Draemon picture Draemon · Jan 25, 2010 · Viewed 101.8k times · Source

I have code which looks something like this:

thing_index = thing_list.index(thing)
otherfunction(thing_list, thing_index)

ok so that's simplified but you get the idea. Now thing might not actually be in the list, in which case I want to pass -1 as thing_index. In other languages this is what you'd expect index() to return if it couldn't find the element. In fact it throws a ValueError.

I could do this:

try:
    thing_index = thing_list.index(thing)
except ValueError:
    thing_index = -1
otherfunction(thing_list, thing_index)

But this feels dirty, plus I don't know if ValueError could be raised for some other reason.
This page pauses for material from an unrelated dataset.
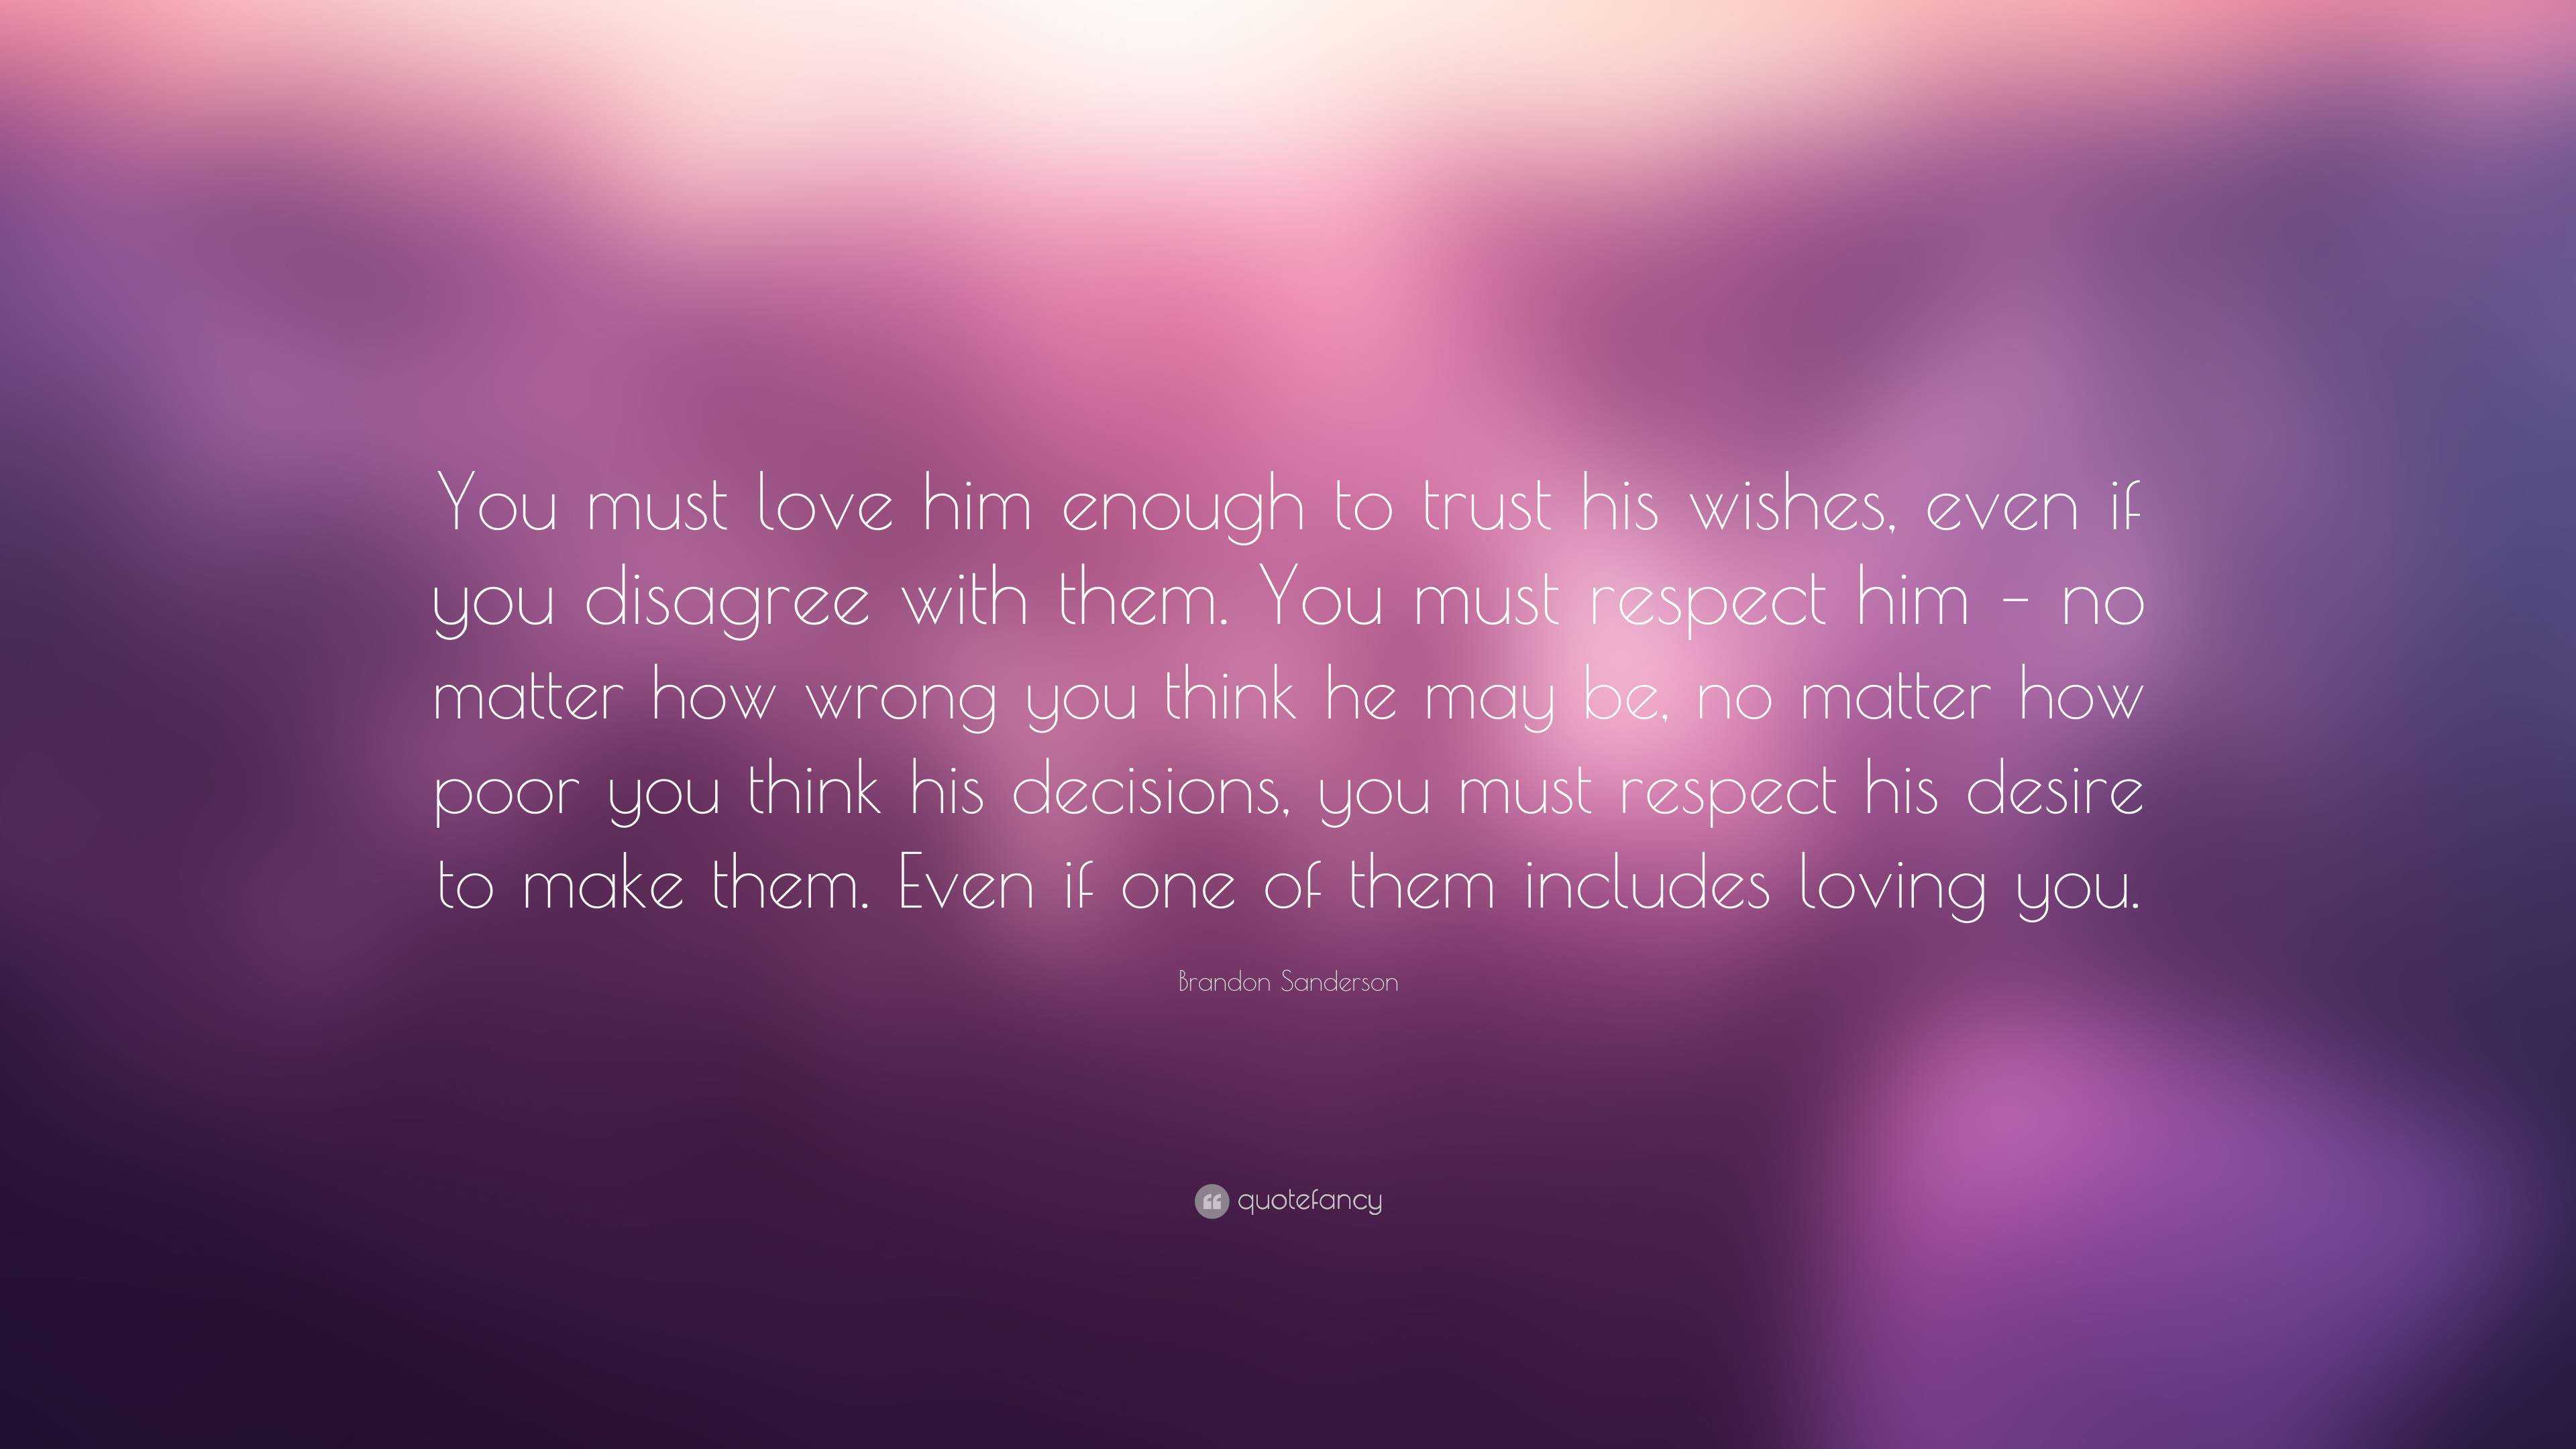 Brandon Sanderson Quote: “You must love him enough to trust his wishes ...

I came up with the following solution based on generator functions, but it seems a little complex:

thing_index = ( [(i for i in xrange(len(thing_list)) if thing_list[i]==thing)] or [-1] )[0]
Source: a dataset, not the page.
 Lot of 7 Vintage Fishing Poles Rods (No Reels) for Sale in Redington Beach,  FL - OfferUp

Is there a cleaner way to achieve the same thing? Let's assume the list isn't sorted.

Answer

SilentGhost picture SilentGhost · Jan 25, 2010

There is nothing "dirty" about using try-except clause. This is the pythonic way. ValueError will be raised by the .index method only, because it's the only code you have there!

To answer the comment:
In Python, easier to ask forgiveness than to get permission philosophy is well established, and no index will not raise this type of error for any other issues. Not that I can think of any.